In upholding the Union’s certification, and in denying Valley an evidentiary hearing, the Regional Director found that threats of retaliatory discharge had been made and that the supervisor’s declaration did not establish that the Union made the threats. The Regional Director further found that even if the Union made the threats, employees would evaluate the threat of firing as illogical because (1) there was no evidence that Valley would fire employees and (2) employees signed the authorization cards in confidence and there was no evidence that Valley knew who signed the cards.

The Regional Director did not abuse his discretion by failing to hold an evidentiary hearing on the ground that the employees would be able to evaluate the threat of firing as illogical. See Bell Foundry Co. v. NLRB, 827 F.2d 1840, 1344 (9th Cir.1987) (abuse of discretion standard).
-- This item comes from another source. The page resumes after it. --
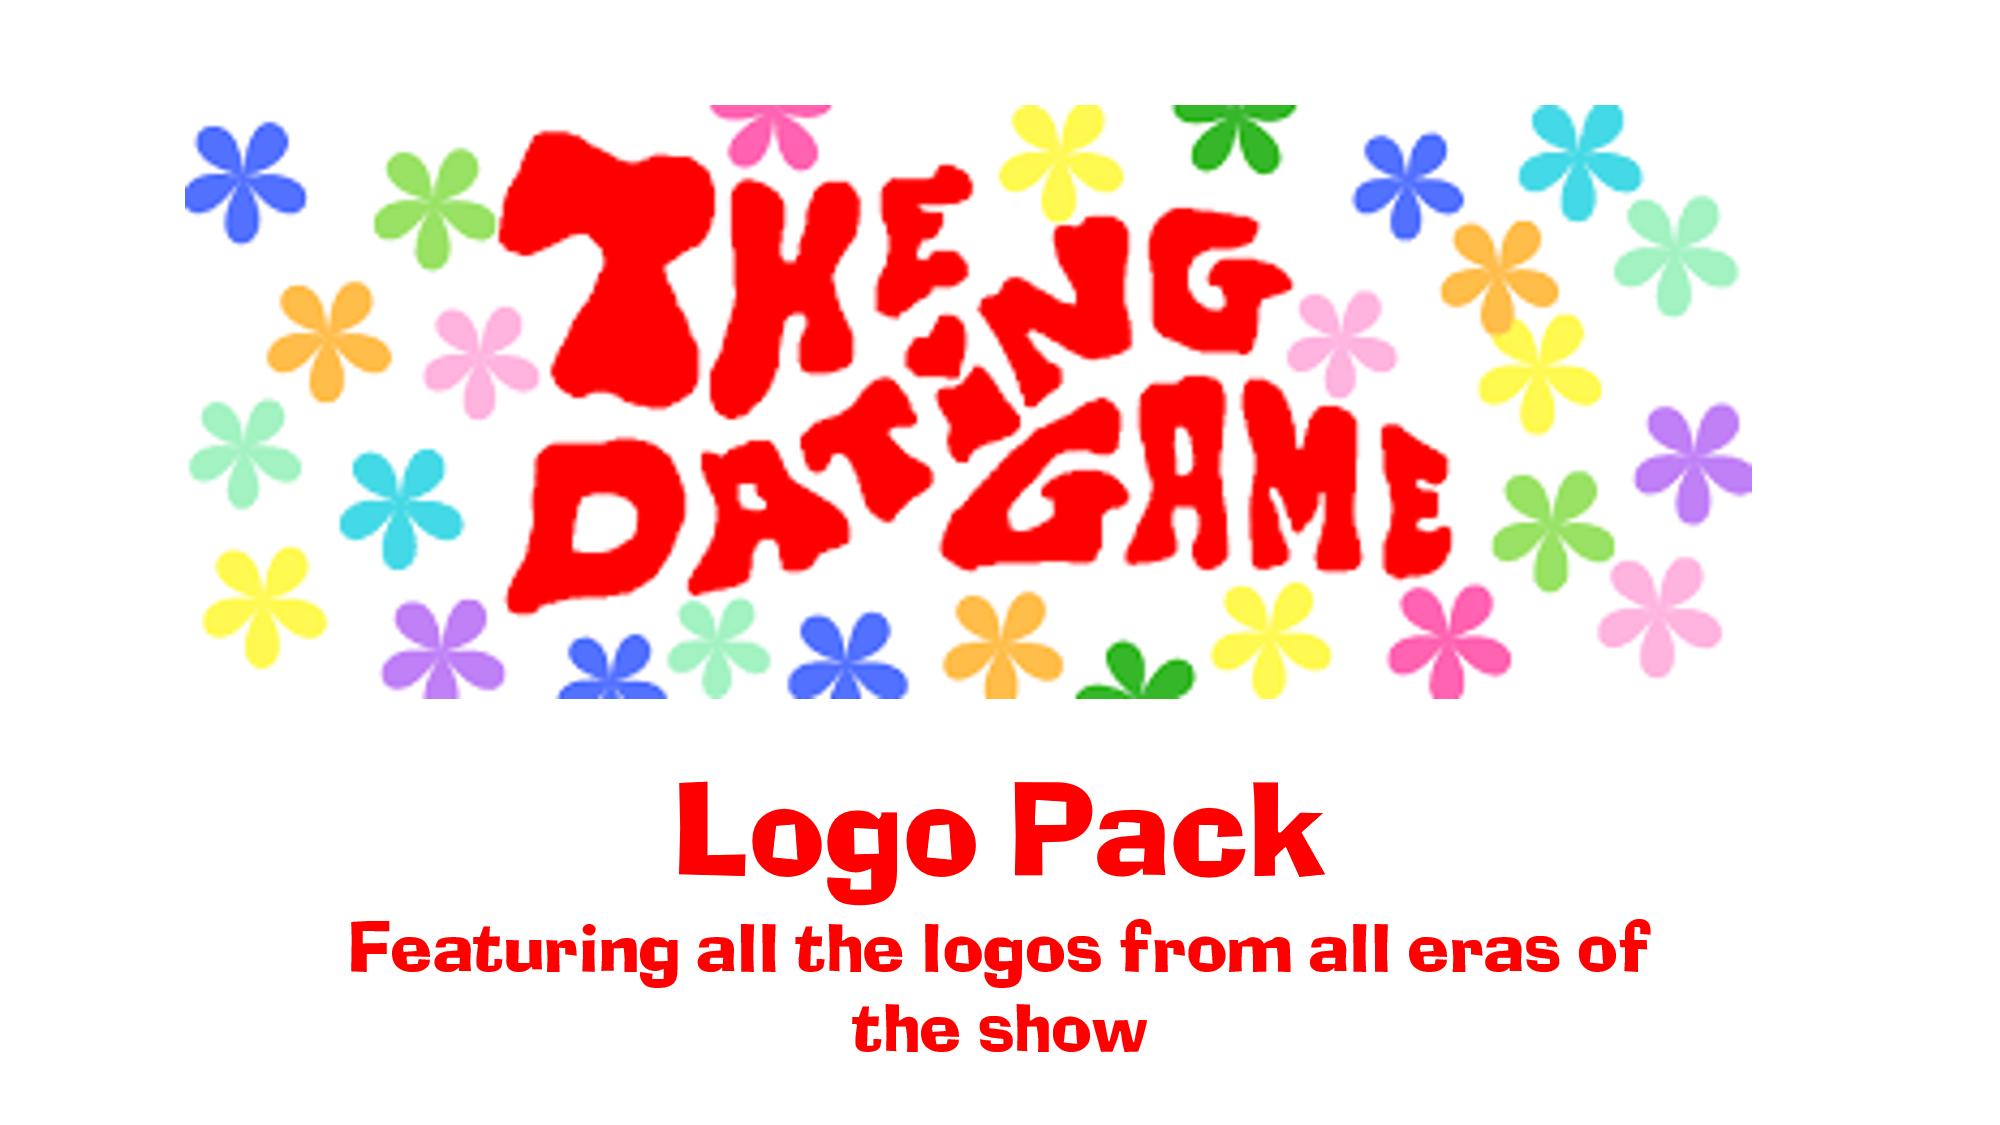 Dating game logo black people dating sites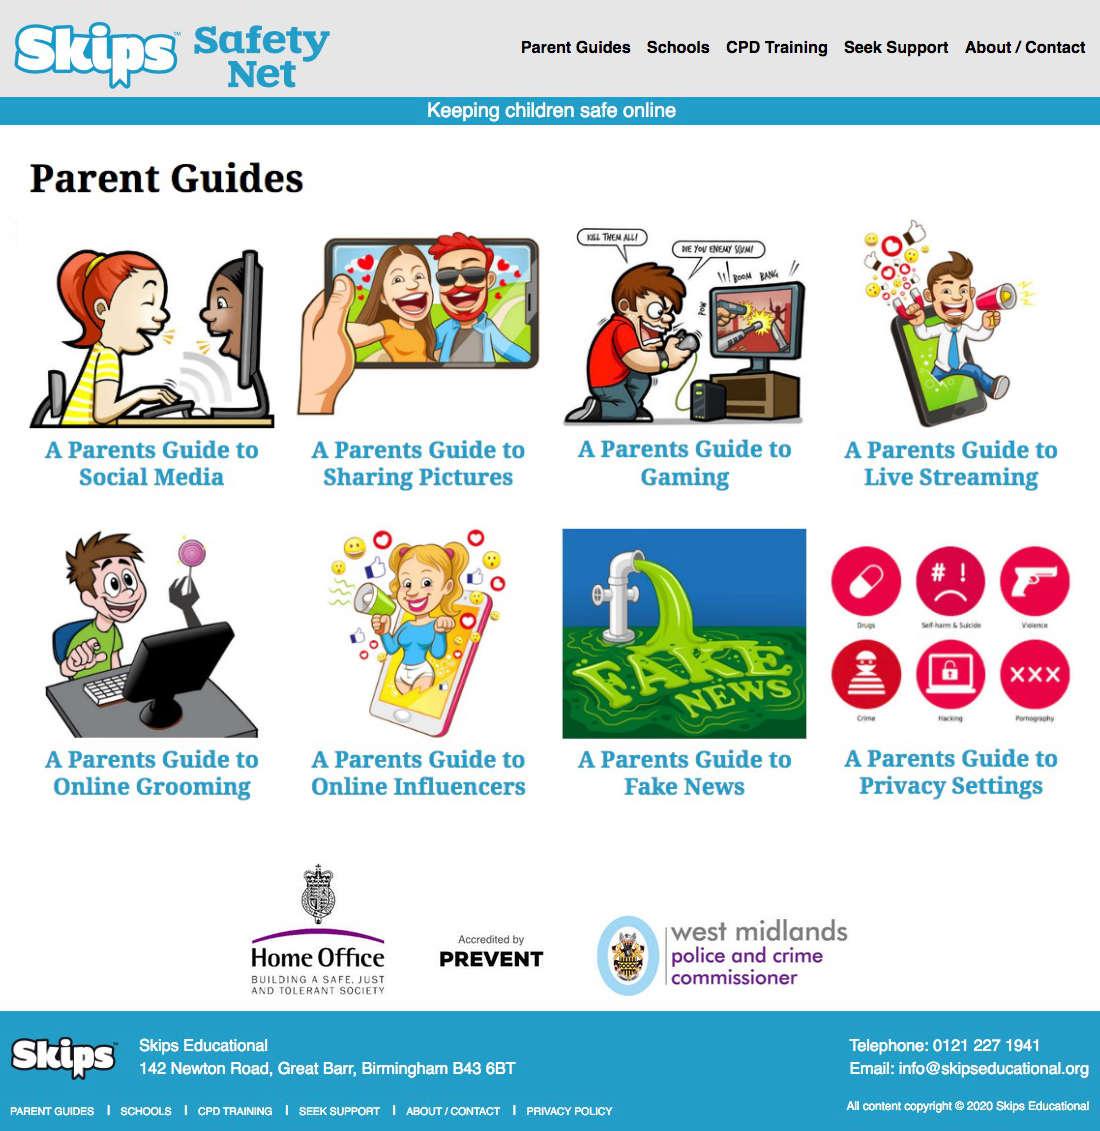 skips safety net website

Threats of job loss that cannot be carried out do not provide a basis for invalidating the election. See NLRB v. Chicago Metallic Corp., 794 F.2d 527, 532 (9th Cir.1986) (“[cjoercive misconduct only warrants the setting aside of an election when it so influenced potential voters that a free choice [became] impossible”) (quotation omitted); NLRB v. Sumter Plywood Corp., 535 F.2d 917, 924 (5th Cir.1976) (union’s threat that employees would be fired if the union lost was not objectionable because the threat was unenforceable), cert. denied, 429 U.S. 1092, 97 S.Ct. 1105, 51 L.Ed.2d 538 (1977); NLRB v. Bostik Div., USM Corp., 517 F.2d 971, 973-74 (6th Cir.1973). The election arguably would be invalid, and an evidentiary hearing appropriate, only if the threat “could provoke reasonable concern among employees that they could lose their jobs.” See Van Leer Containers, Inc. v. NLRB, 841 F.2d 779, 780-81 (7th Cir.1988) (union represented employees of new plant who reasonably could think that employees at closed plant might replace them if the union lost the election); accord Chicago Metallic Corp., 794 F.2d at 532.

The majority nevertheless argues that an evidentiary hearing is appropriate because “there was no evidence or other adequate grounds to support a conclusion that the statements had no influence on the election.” The majority has it backwards: to obtain an evidentiary hearing, Valley had the burden of showing “substantial and material factual issues that would, if true, warrant setting aside the election.” Bell Foundry, 827 F.2d at 1344. Even assuming that the Union made the threats, Valley did not establish a substantial and material issue of fact that the threats were anything but idle or that the employees were incapable of evaluating them.1

*775In sum, the Board has broad discretion in determining the propriety of the election process. See Chicago Metallic Corp., 794 F.2d at 532. I would uphold the Board’s discretionary determination not to hold an eviden-tiary hearing on the ground that Valley did not present a prima facie case for setting aside the election, and I would grant the Board’s petition for enforcement of its order that Valley bargain with the Union. Accordingly, I dissent.

. I also reject the majority's assertion that Valley can obtain evidence only “by subpoena and an adversarial hearing” and thus is entitled to a *775fishing expedition to obtain evidence. See Natter Mfg. Corp. v. NLRB, 580 F.2d 948, 952 n. 4 (9th Cir. 1978), cert. denied, 439 U.S. 1128, 99 S.Ct. 1045, 59 L.Ed.2d 89 (1979).